Declaring "I am music" and crediting God as the source of his inspiration, Prince made it clear that the very act of playing music was spiritual.
"He was living his purpose," Chamblee said. "His purpose was to touch people through music. And he fulfilled it."
While Prince's playing is moving on its own (I personally think some of his guitar solos are healing), he consistently provided inspirational messages through his lyrics. In fact, the thesis of my forthcoming book is that Prince's spiritual mission was always to make others aware of God's existence.
Chamblee and I got into some of the spiritual messages in Prince's music.
"When I really listen to his stuff on a spiritual level, I get that he's doing a modern-day Negro spiritual," Chamblee said. "It's catchy, so it catches your attention, but then it has coded information.

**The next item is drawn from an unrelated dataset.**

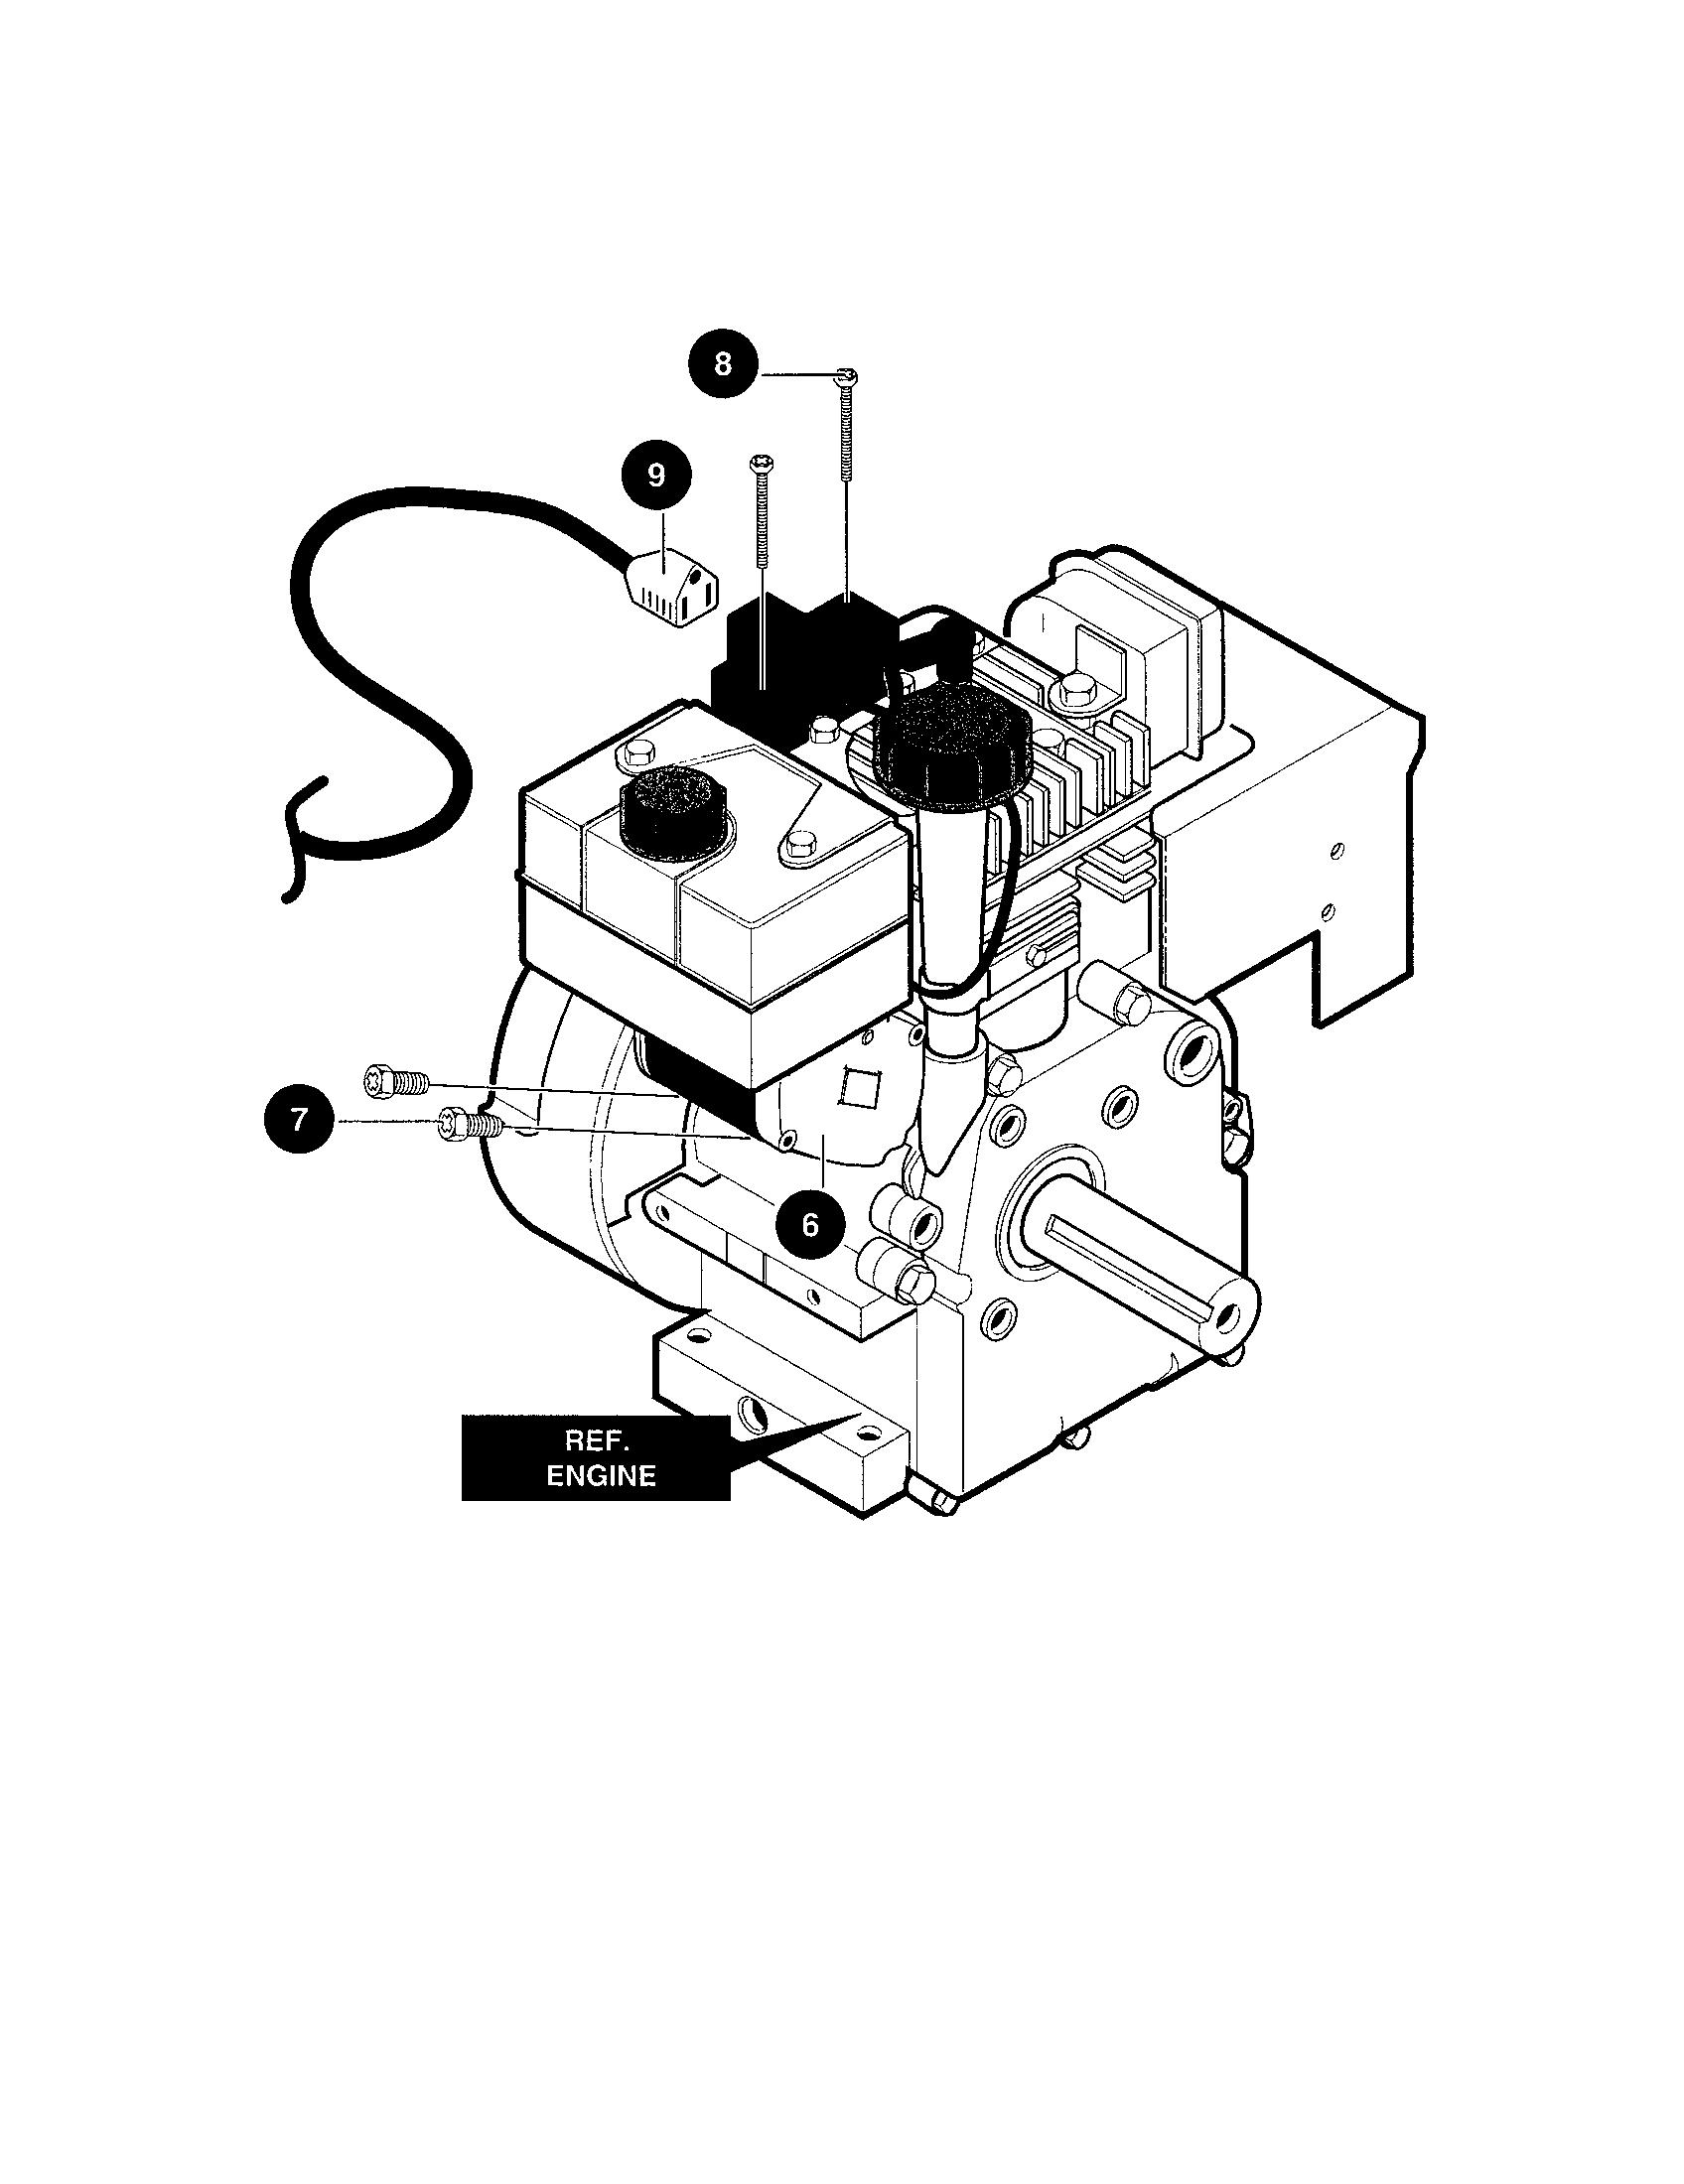 hight resolution of craftsman 536886480 electric starter diagram

It talks about oppression, but also talks about freedom and showing us the way."
I'll go through Chamblee's specific examples in the book, but I do want to note that, the same week I talked to her, I was reading about a similar perspective in the Howard Journal of Communications' Prince issue. Some scholars propose that Prince's references to the "afterworld" and "new world" in his songs go beyond religion to describe a future for black people that is free from oppression.
While Prince was proud of his heritage and wrote some songs specifically for black people, he also encouraged unity among all races, Chamblee noted.

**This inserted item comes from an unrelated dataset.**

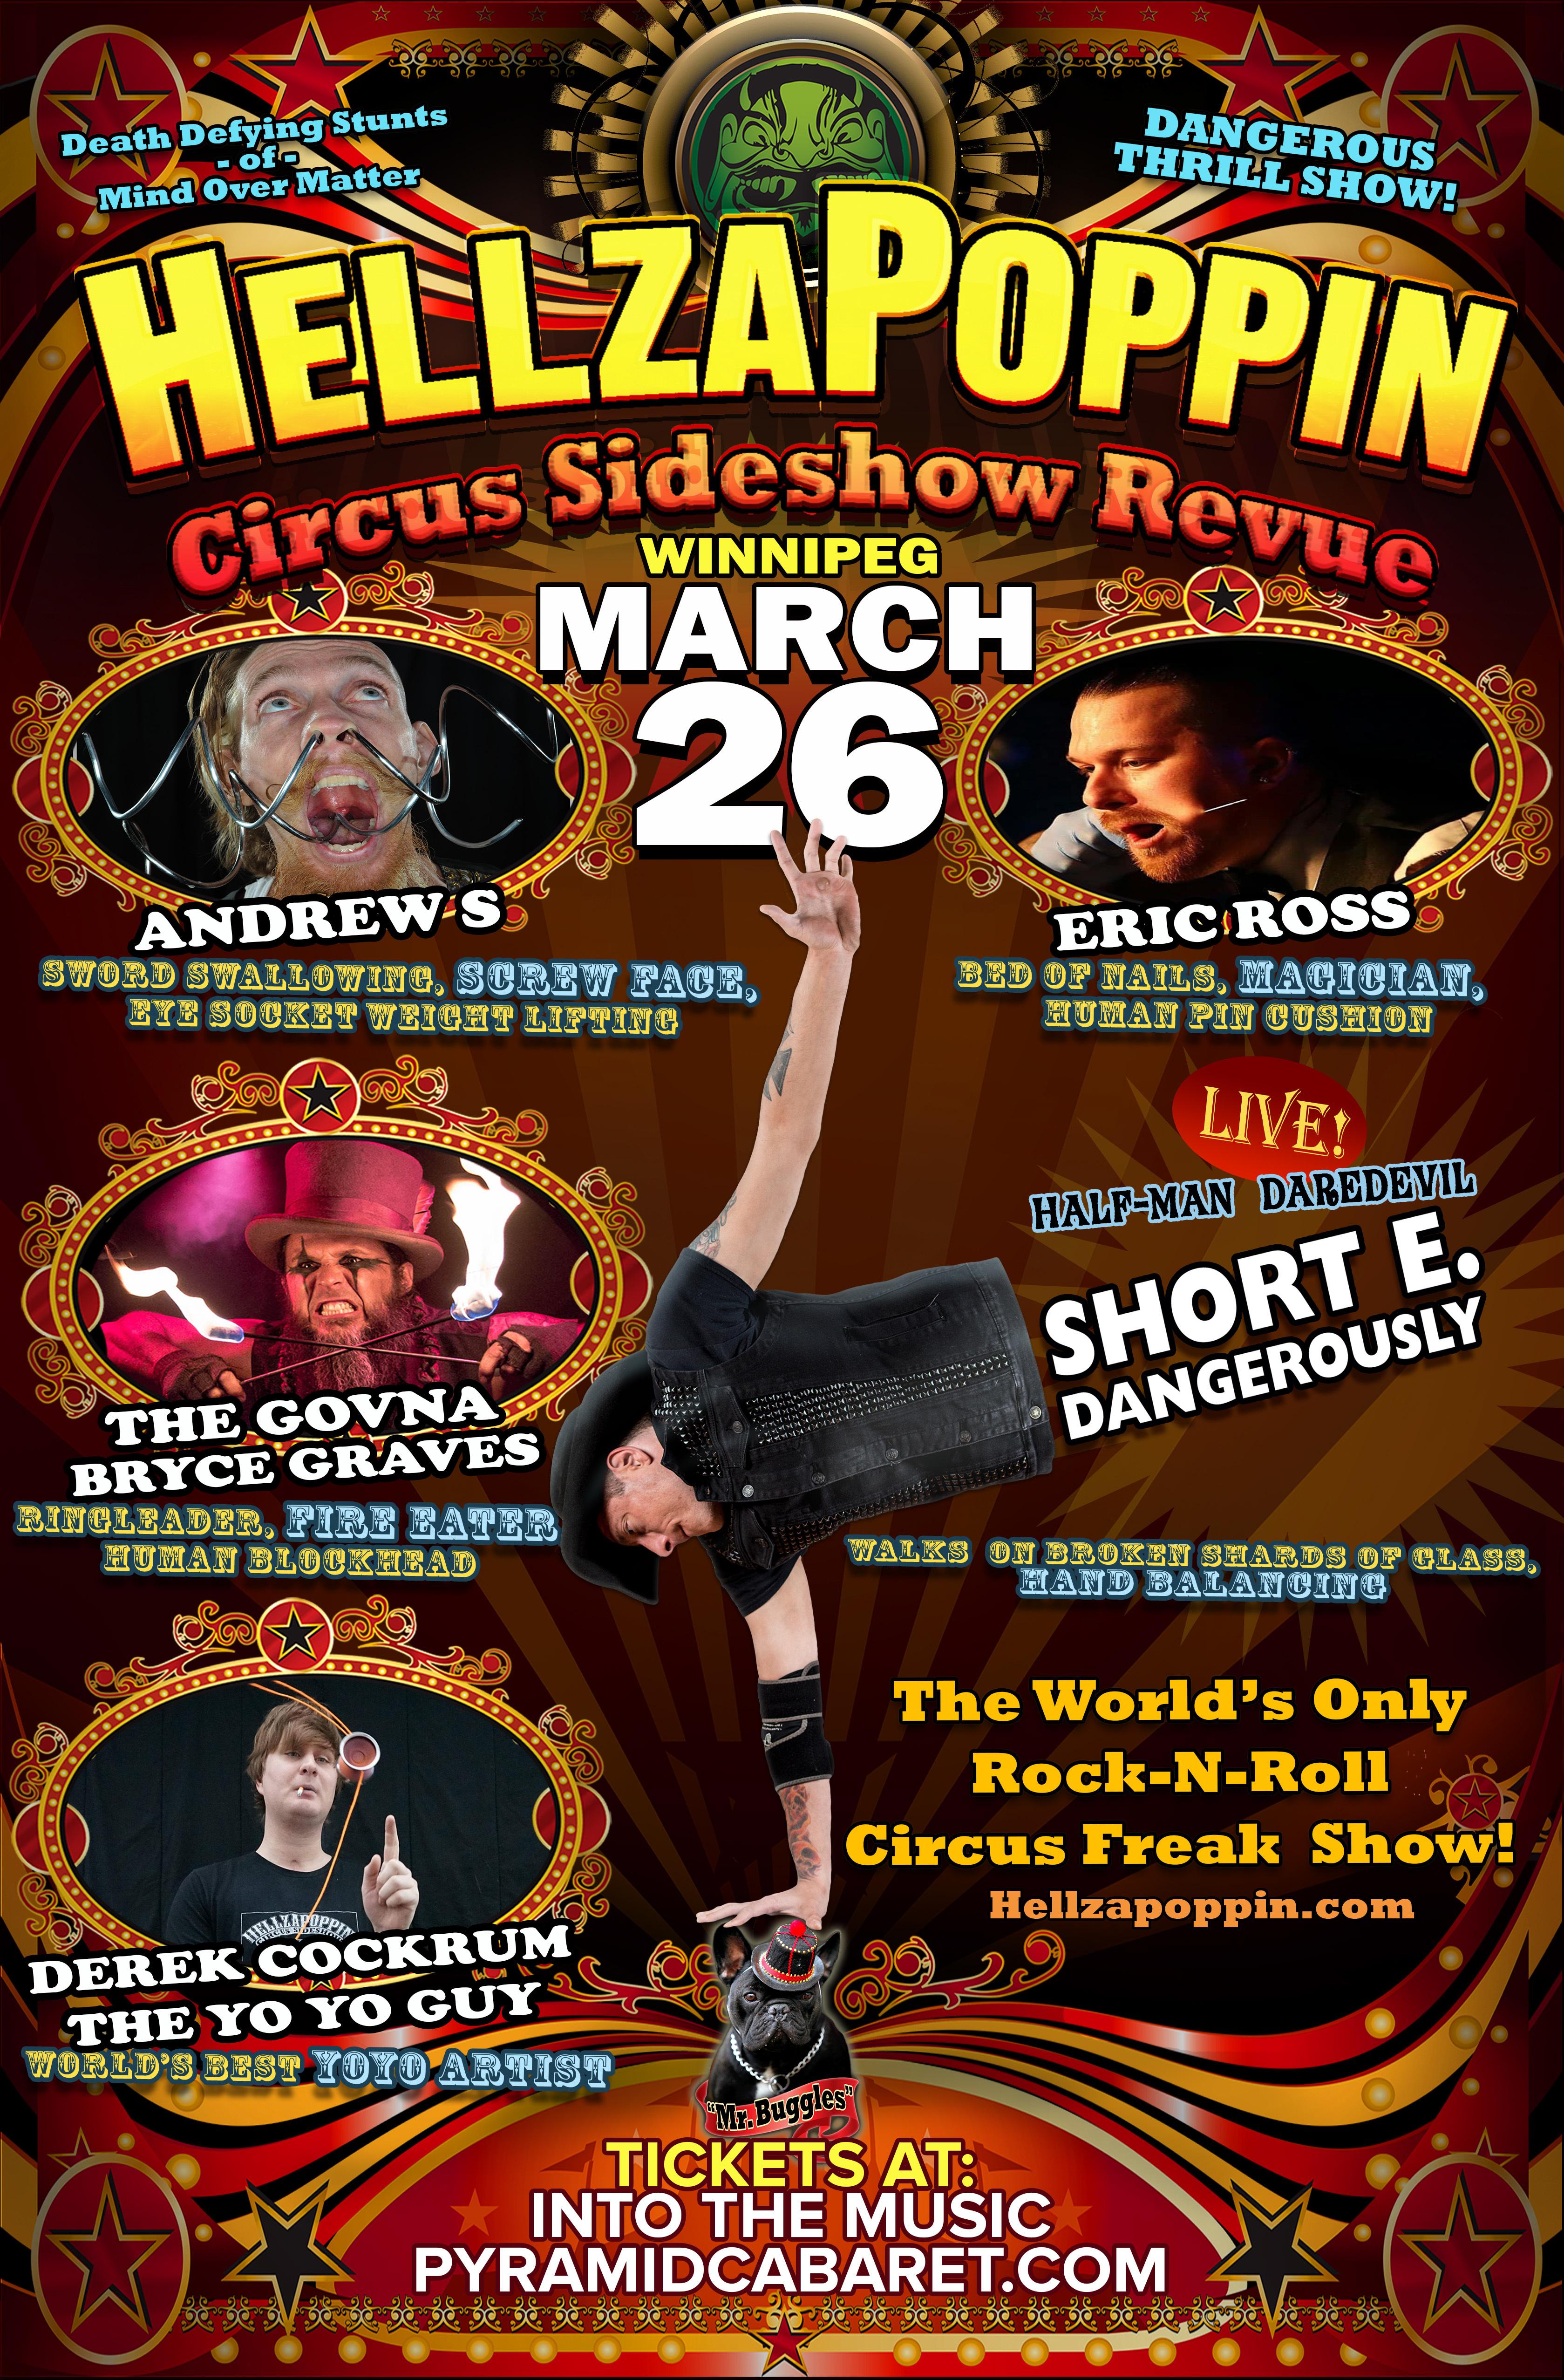 HELLZAPOPPIN Circus Sideshow - The PYRAMID - MAR. 26 00175

"The love for Prince has no color or nationality," she said. "He's beloved by the human race. I bet the [extraterrestrials] love him, too."
Born in Minneapolis, Chamblee honed her skills as an engineer in the Twin Cities and graduated from the Institute of Production and Recording (IPR). She went on to gain a credit as an assistant engineer on Prince's 3121 album. There's a terrific profile on Chamblee by the PRN Alumni Foundation, which honors Prince's legacy as a humanitarian.
"I am grateful for this organization because we carry on his missions, especially giving to the people he gave to," she said.
Focusing more on spirituality in our interview, Chamblee discussed her own experience with the Jehovah's Witness faith, which Prince adopted later in his life. Chamblee did Bible study with members of Prince's inner circle, but was too much of a "free spirit" to join the religion.
We also talked about Prince's belief in the "third eye," an esoteric concept of an invisible eye, which provides spiritual intuition.
"The third eye is like your entrance into the spirit world," she said. "He was very spiritual and he lived in spirit because he was always a vessel for music. And that is a huge spiritual experience in itself because anytime you have nothing and then all of a sudden there is something, there's spirit involved."